Right now, the U.S. Government is able to borrow at almost 0% interest at a time that the U.S. dollar is at its strongest in years against certain currencies. This is a truly odd combination, but could be explained if we accept that people are leaving capital markets all over the world and running for the hills, i.e., U.S. Treasuries and therefore U.S. dollar denominated assets. This market dynamic will change in the long run, hopefully. So, my plan to exploit this aberration would be as follows:
Flood the market with short term and medium term U.S. Treasuries and thereby borrow to the hilt. Spend this money on fixing the U.S. financial system (creating more repo facilities, buying toxic assets, etc.) and U.S. infrastructure projects (to create jobs and demand for non-financial assets). The net effect of this is to allow the private entities in the U.S. economy to borrow at near 0% interest, giving the U.S. a tremendous near term advantage over the rest of the world.

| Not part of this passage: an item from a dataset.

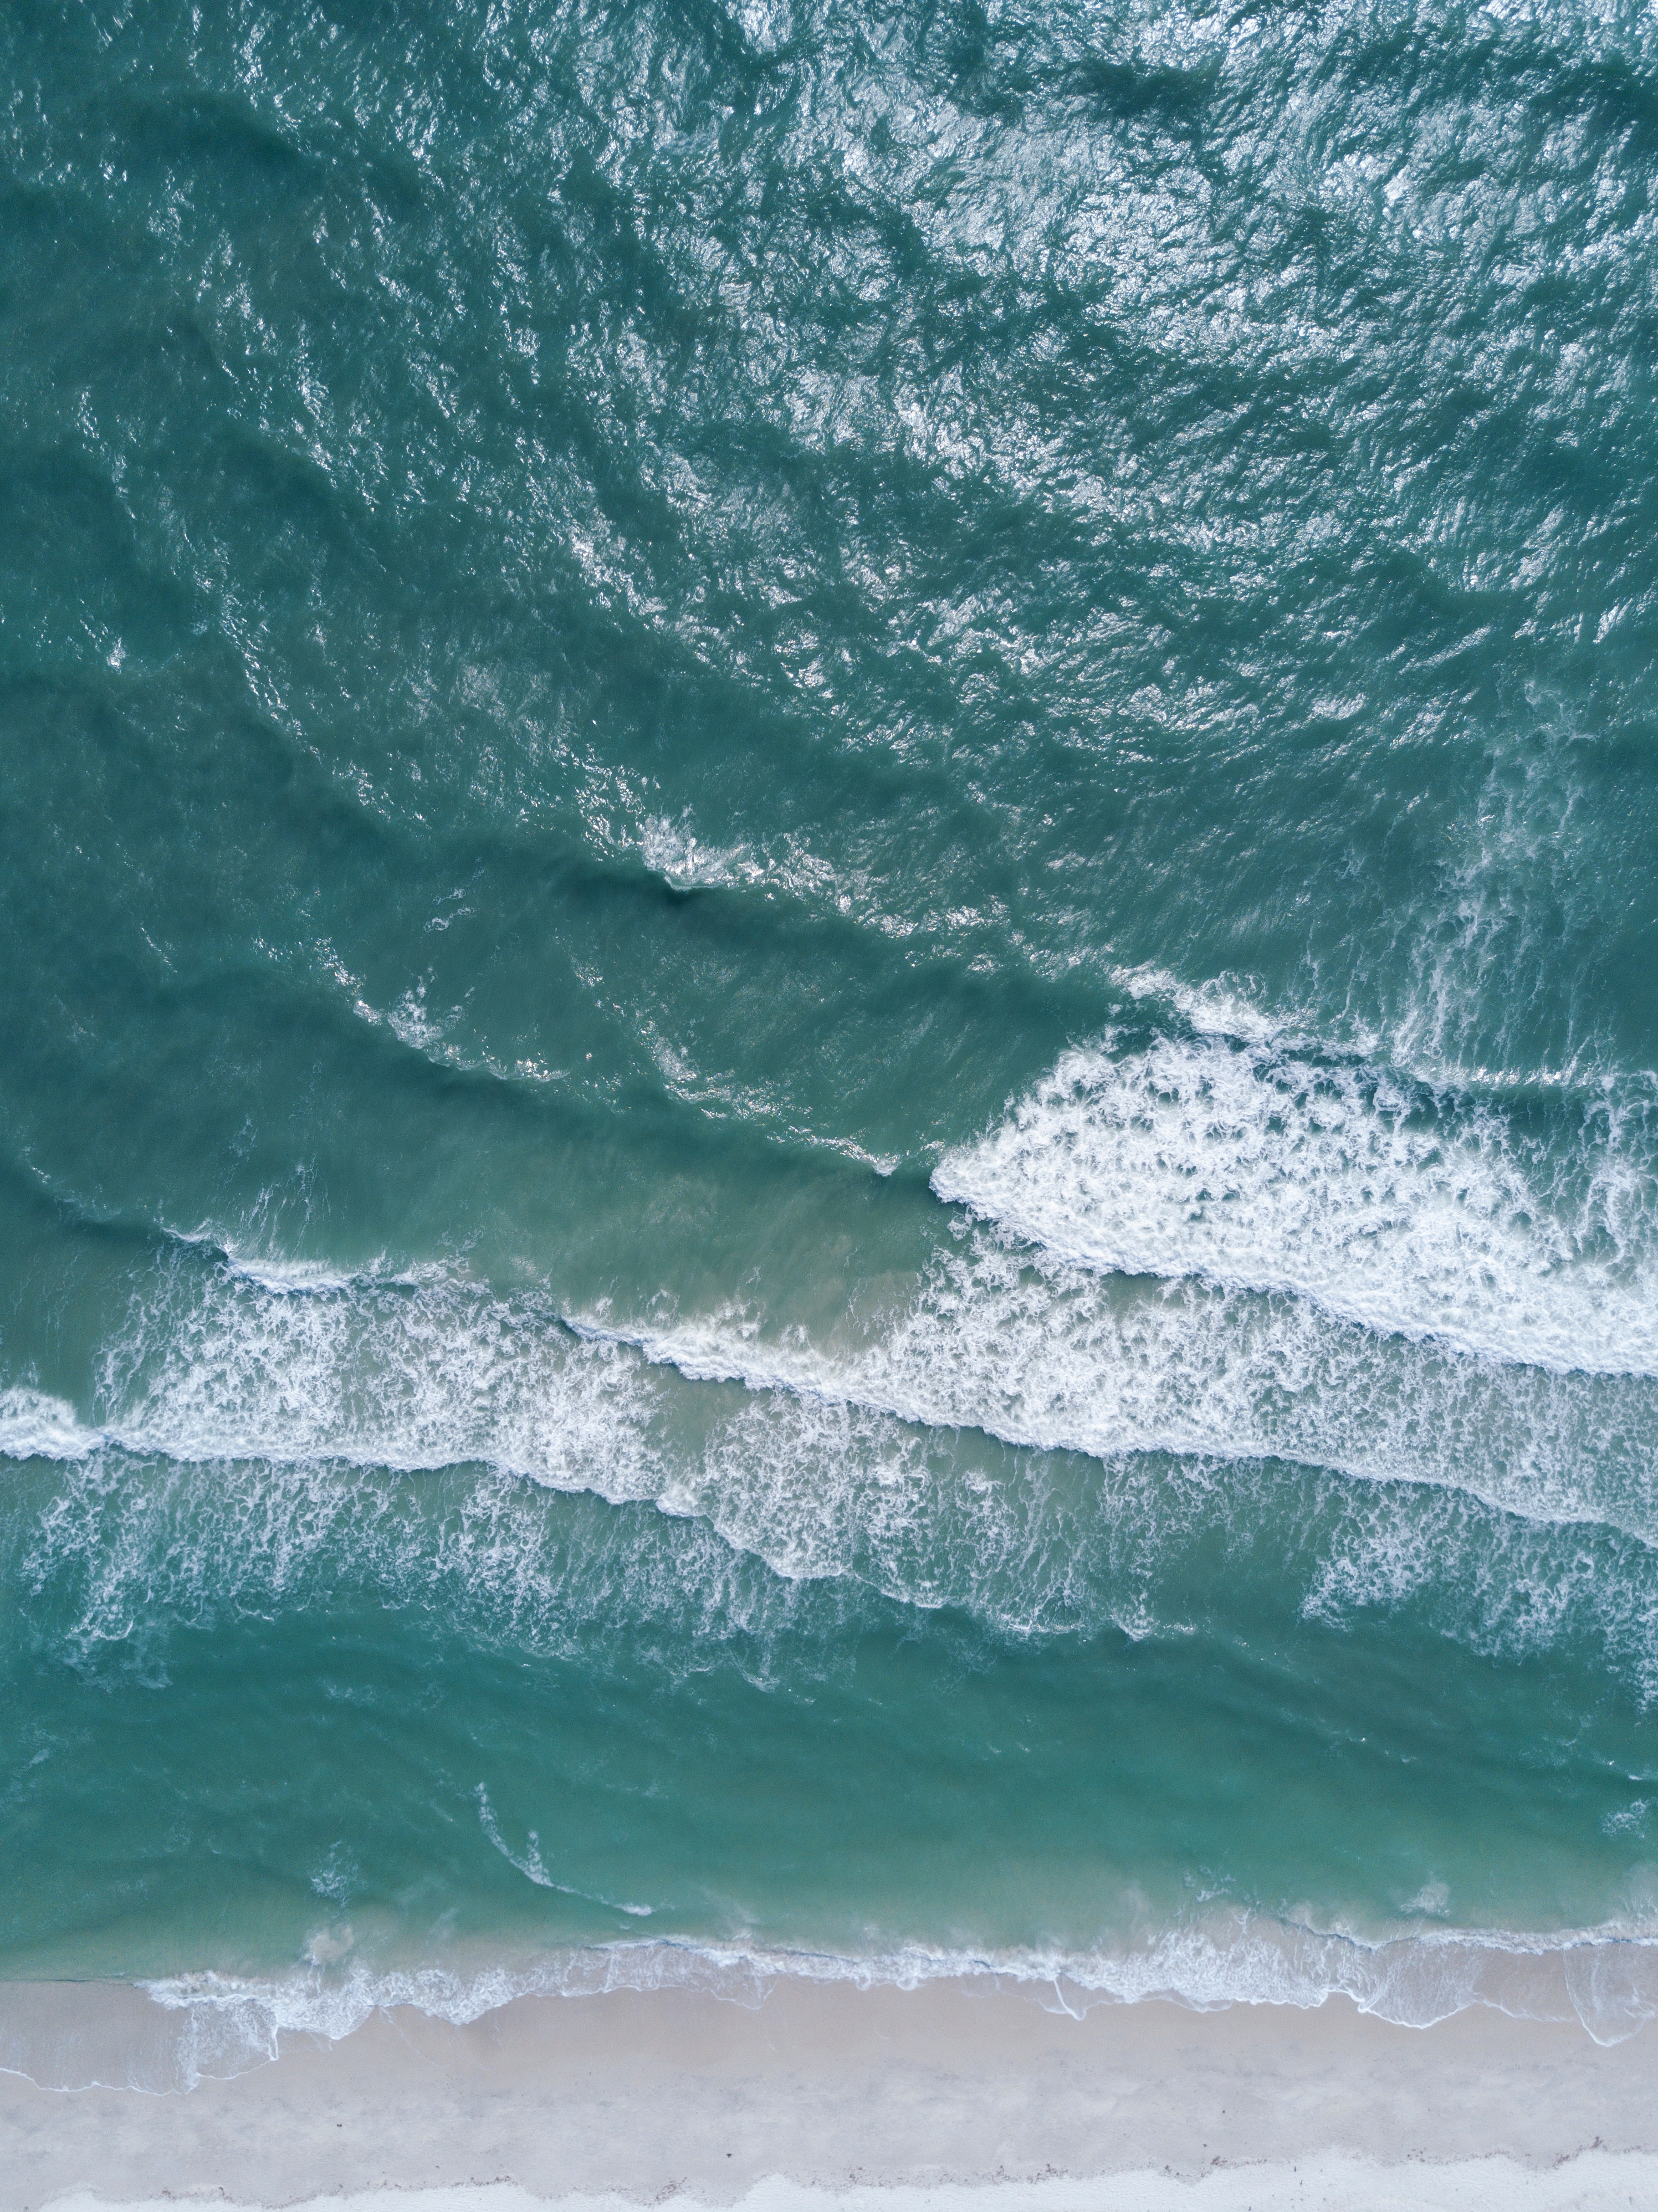 Photography Of Waves Crashing · Free Stock Photo

At some point, this borrowing will push the interest rates on Treasuries up and will push the dollar down. When interest rates on treasuries reach non-bargain basement levels of borrowing, the U.S. should stop borrowing. But what about the green back? As a bonus, because the U.S. dollar will eventually fall from its current heights, the U.S. debt issued until that point will depreciate in value.
Thus, the U.S. could borrow for almost no interest, pump that money into its own economy, and then get a free principle reduction at the end. As for the rest of the world, yes, my solution rests your fate on the shoulders of the U.S. economy. I’m sorry, but I just don’t have enough time to think of a way out of your mess as well.